The story goes like this…A young couple journey from Manchester to the Lake District and are suspected of a series of violent murders which, it turns out, are actually the work of zombies, reanimated as a side effect of top secret experiments being conducted by the Department of Agriculture…

LDAMM2
LDAMM2. A Derbyshire church you never noticed before. Because it’s a matte painting.

So? You think “The Hateful Eight” was any more believable?

His Zombie-themed opus would be filmed (largely) in English with an international cast. Our hero was Anglo-Italian leading man and singer Ray Lovelock. For the role of the investigating detective, the producers snagged distinguished American actor (and triple Oscar-nominee) Arthur Kennedy. Unusually, for a low budget Spanish/Italian production of the day, the whole thing would be filmed on location, in England’s beautiful and spectacular Lake District.

Or, indeed, our very own Shottle.

Okay, that’s not quite fair. Levens in Cumbria appears briefly. Possibly more briefly than Shottle – which can be spotted during a roadside sequence. Blackbrook, Turnditch, Belper Lane End and Via Gellia can be seen also; along with Dovedale, Castleton and Hathersage. The one thing that becomes pretty noticable, pretty quickly, however, is that – for all the talk of the “Lake” District – one geographic feature that’s notable for its lack of screen time is  any form of lake, mere or even a large pond. (The Dovedale Stepping Stones get a decent airing, sure, but they’re hardly Lake Windermere.)

“No Profanar…” is the best tourism advert for Cumbria ever filmed in Derbyshire. So what happened?
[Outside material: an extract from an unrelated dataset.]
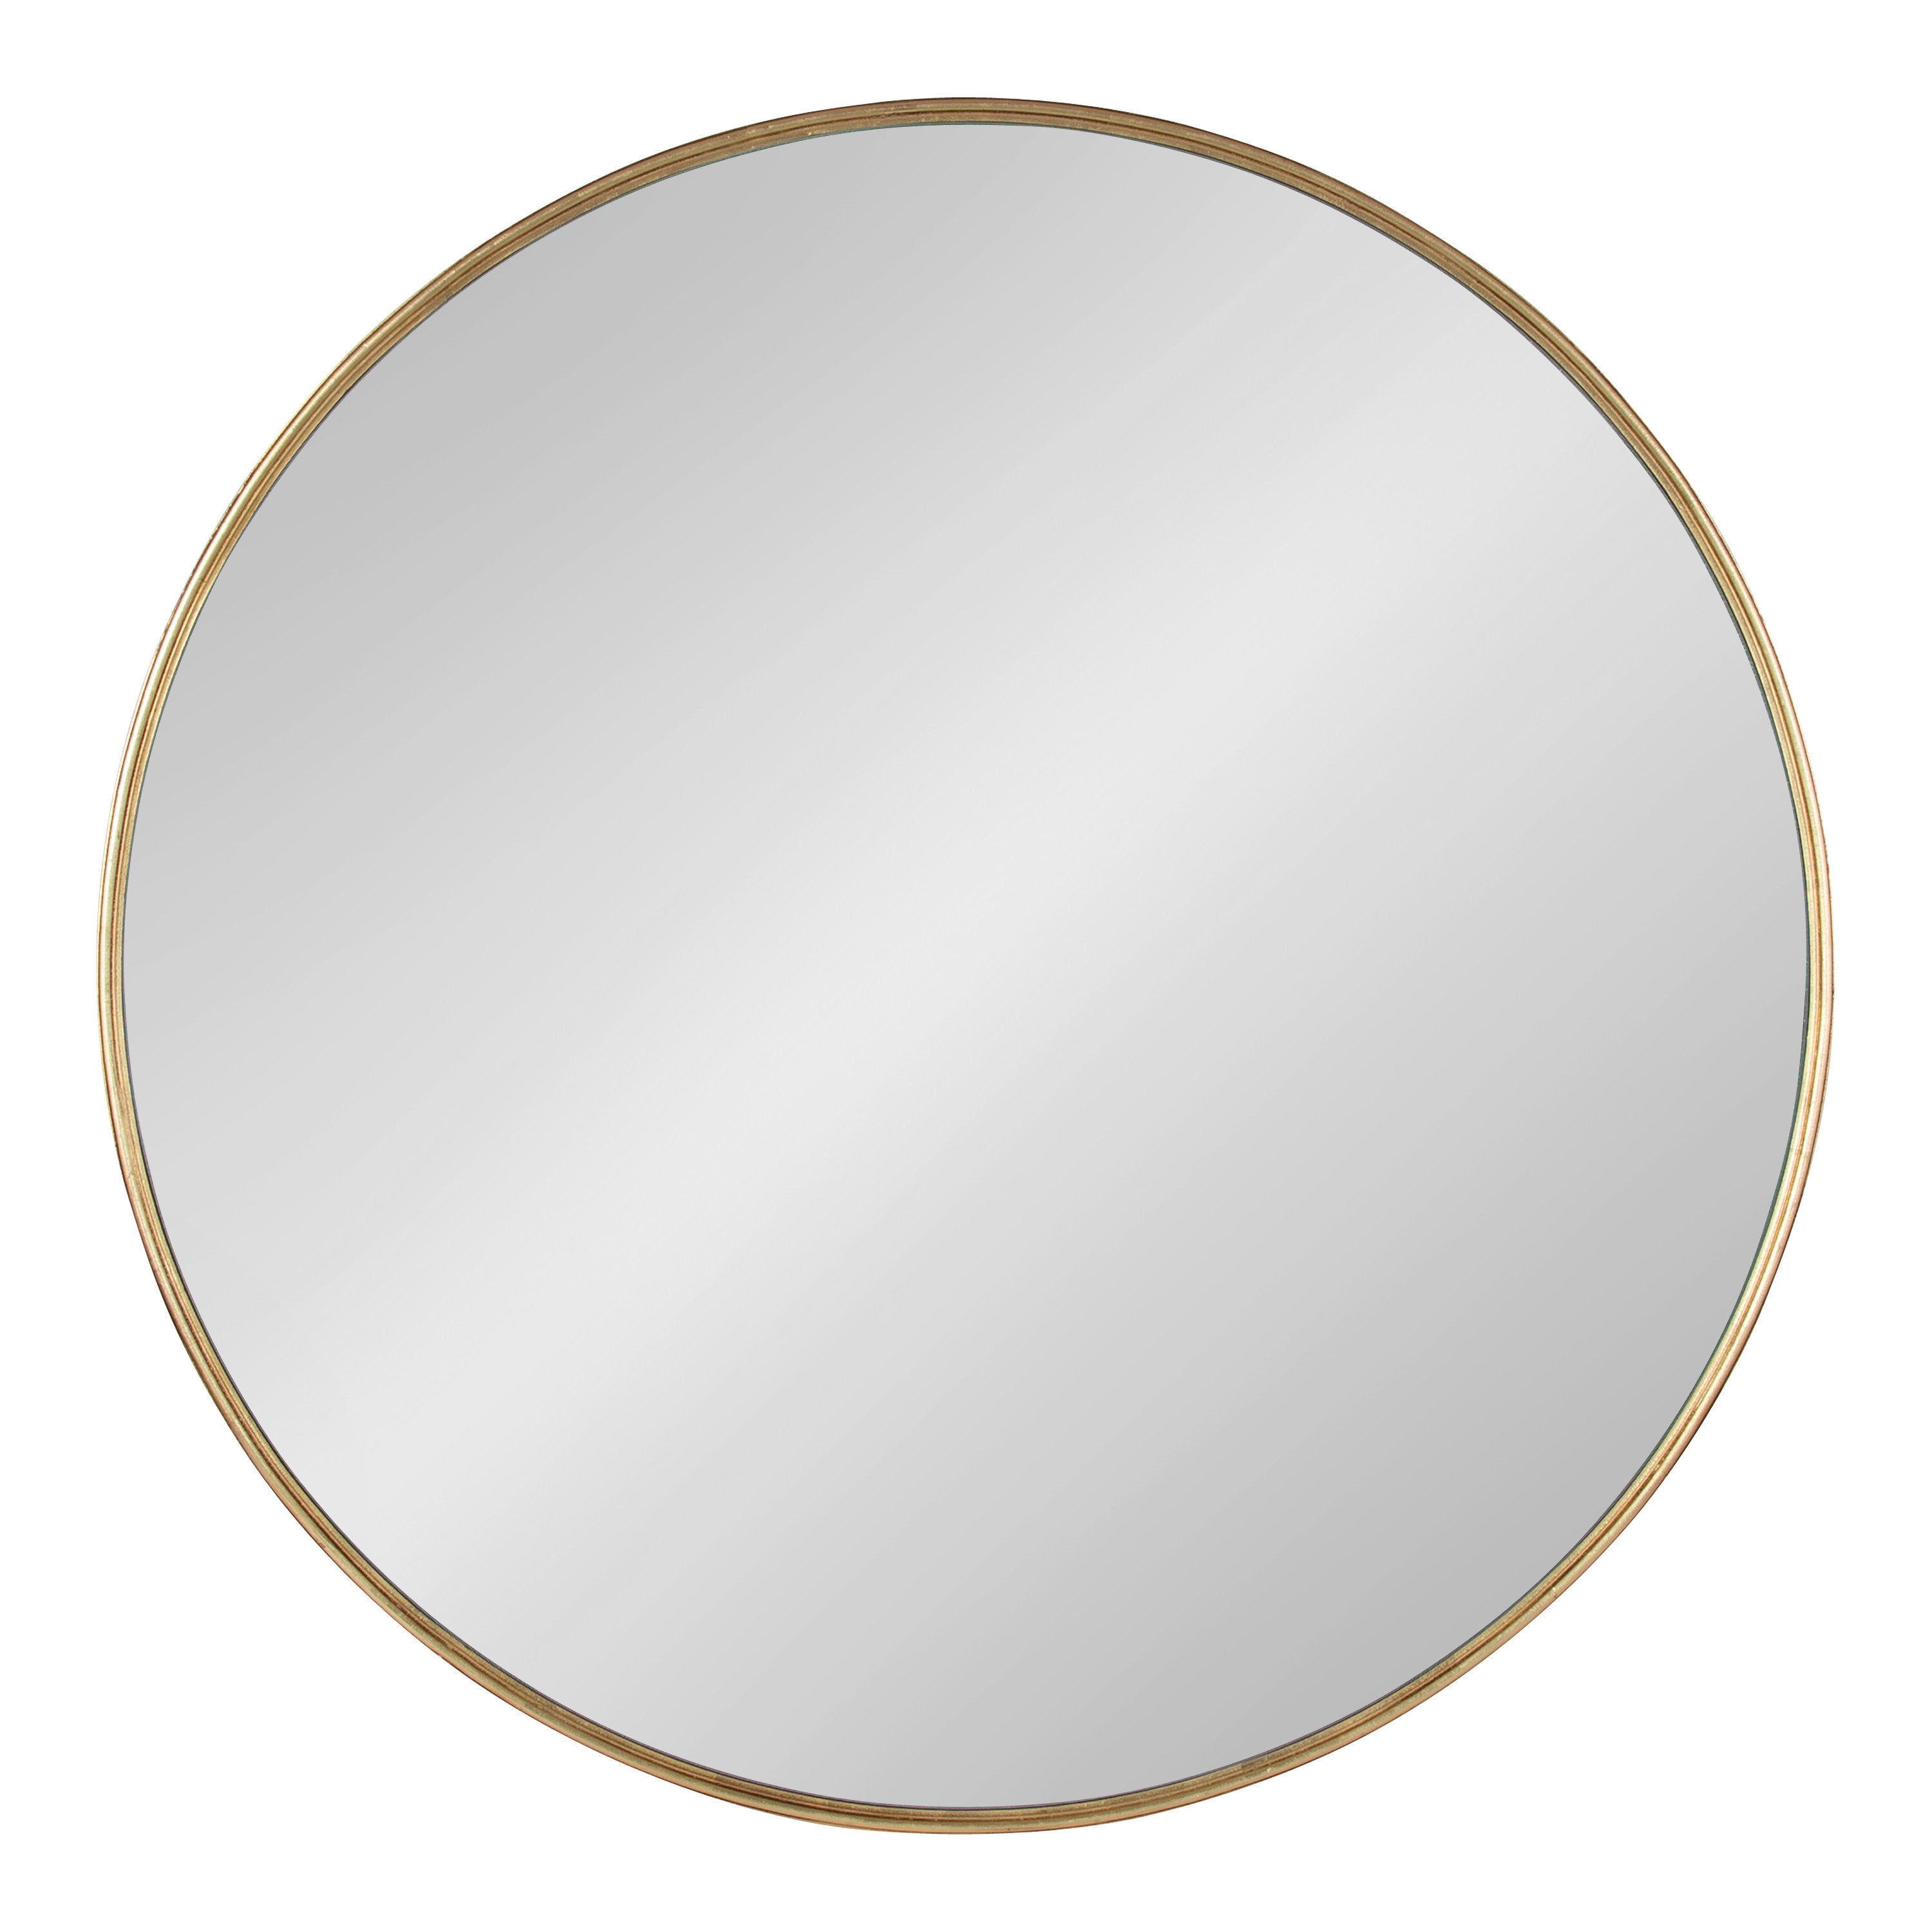 Caskill Round Framed Wall Mirror

Anyone who’s ever had anything to do with low-budget filmmaking will recognise the universality of the problem: Weather.  Well, weather and a cheap hotel deal in this case…

Some years ago, I met an actor who had worked with Jorge Grau during the 1980’s. David Warbeck (a New Zealander who found success in Italian films) was an admirer of his work and had heard stories of the “No Profanar…” shoot which were at odds with the rather more anodyne version related by the Maestro himself in a 2000 interview.
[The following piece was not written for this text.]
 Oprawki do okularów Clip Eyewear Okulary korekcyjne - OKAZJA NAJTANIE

The Production was originally to have been based in Barrow in Furness, with filming scheduled for the early Spring of 1974. Someone in the Cumbrian Tourist Board hadn’t got the memo, however, and the weather was appalling.  After only four days of location shooting they found themselves three days behind schedule. The shoot was endangered almost as soon as the camera had rolled, and new – drier – locations were sought as a matter of urgency.
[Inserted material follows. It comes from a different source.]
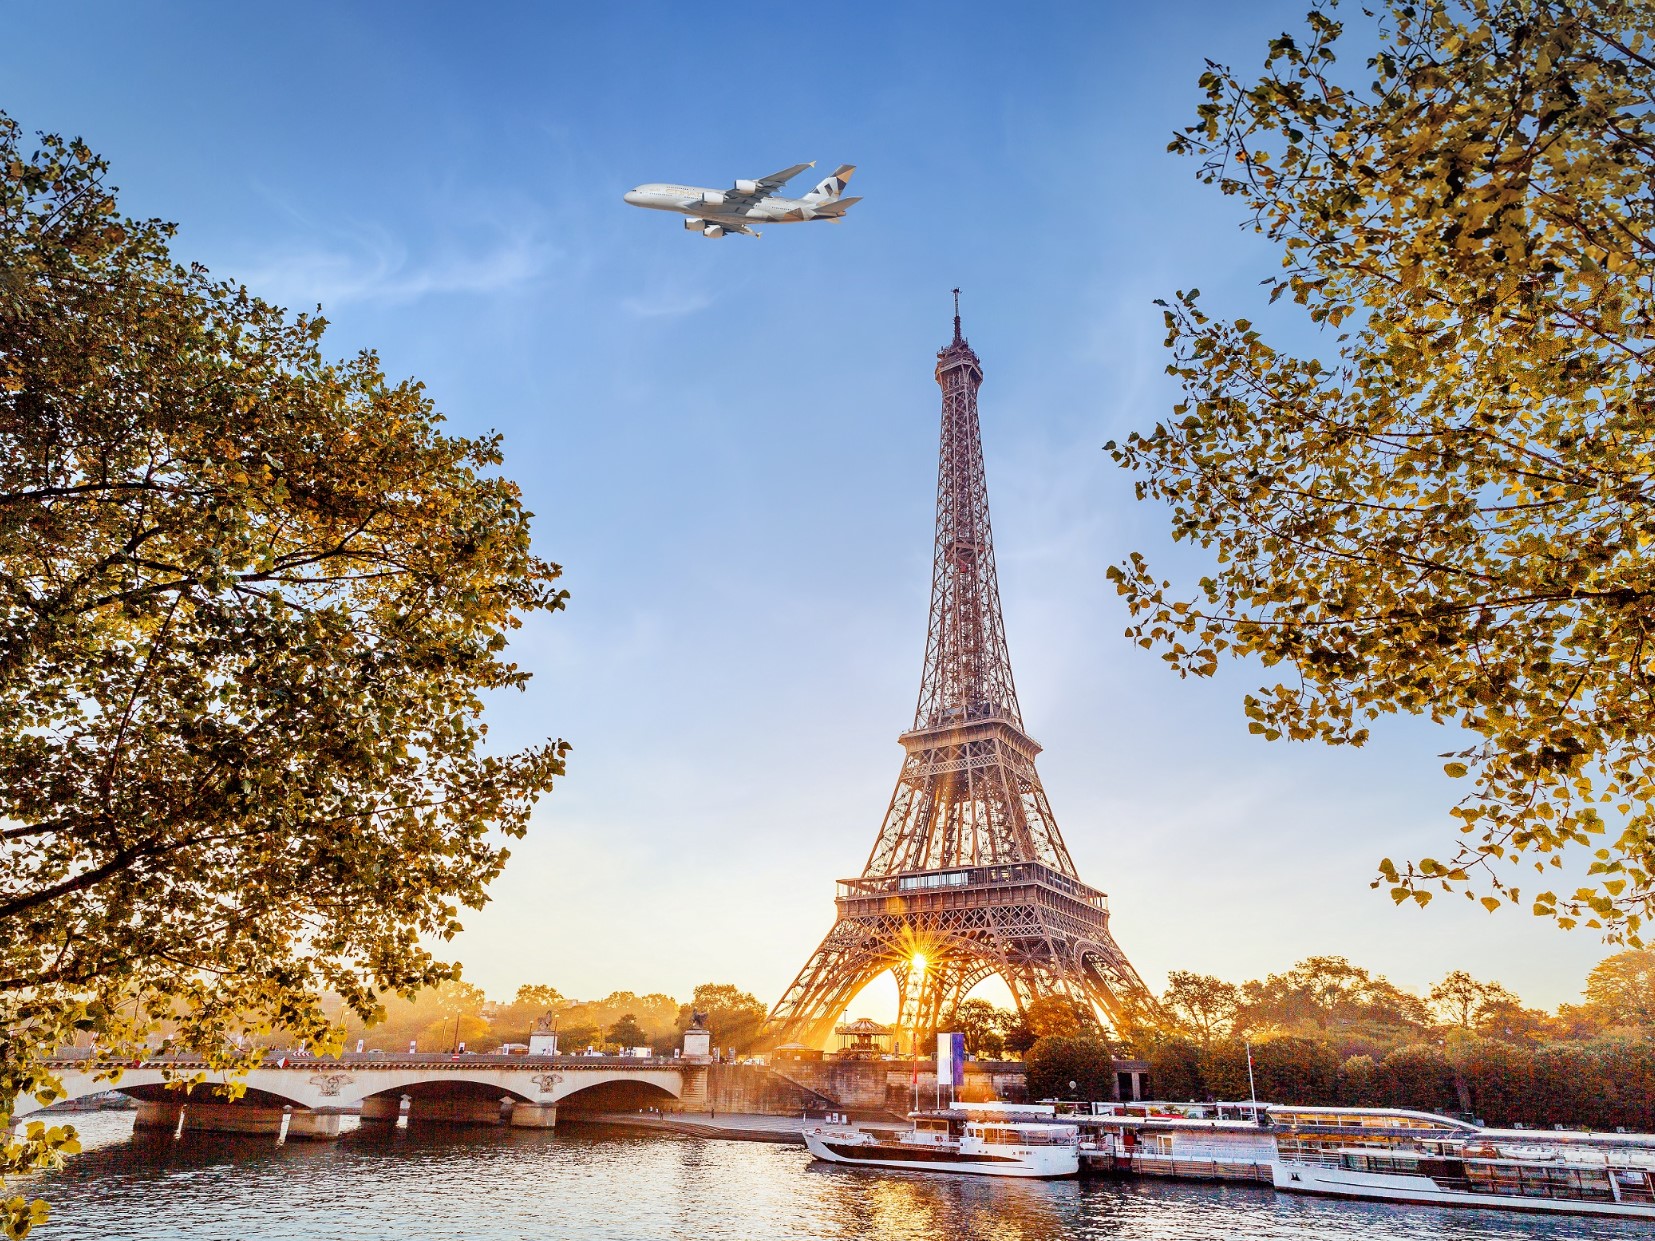 阿提哈德航空A380首航巴黎 带来奢华空中旅行新体验

News of an impending change of venue wasn’t only of concern to the film’s producers, it was also a worry to the management of the hotel in Barrow which had been block-booked for several weeks by the Film Unit. Luckily for the hotel company, however, they were part of a chain. Another in the same group was the Pennine Hotel in Derby, and a sweetner in the form of waived cancellation fees and a substantial discount further south was duly offered in order to keep their valuable trade.

Beyond a rocky start, the subsequent production of “No Profanar…” seems to have gone smoothly and the film – which has not only gone on to develop a minor cult following, but is actually rather good – was another success for Jorge Grau.

It is, of course, enormously pedantic to make an issue of Derbyshire standing in for Cumbria. After all, no-one had anything but praise for David Lean’s use of Spain to double the snowy wastes of the Russian Steppes in “Dr Zhivago”, or Sri Lanka playing Burma for “The Bridge on the River Kwai”. East Anglia makes for a convincing Holland in the forthcoming “Tulip Fever” and Lincolnshire has happily mimicked America for “Return to Oz” and “Revolution” (in which case it was almost infinitely more authentic than Donald Sutherland’s “Derbyshire” accent. Picture a horrifically drunk Ted Moult doing a bad impression of John Wayne and you’re still only scratching the surface of that one…)

“Location-Faking” is part and parcel of filmmaking. Belper itself has been on the recieving end of it. Ken Russell’s “Women In Love” is the most celebrated film shot in our town. That’s the one, of course, in which the Derwent at the River Gardens becomes – through a deft edit – the drained lake of Elvaston Castle.

At least this is one more lake than you’ll get to see in a film ostensibly shot in the Lake District.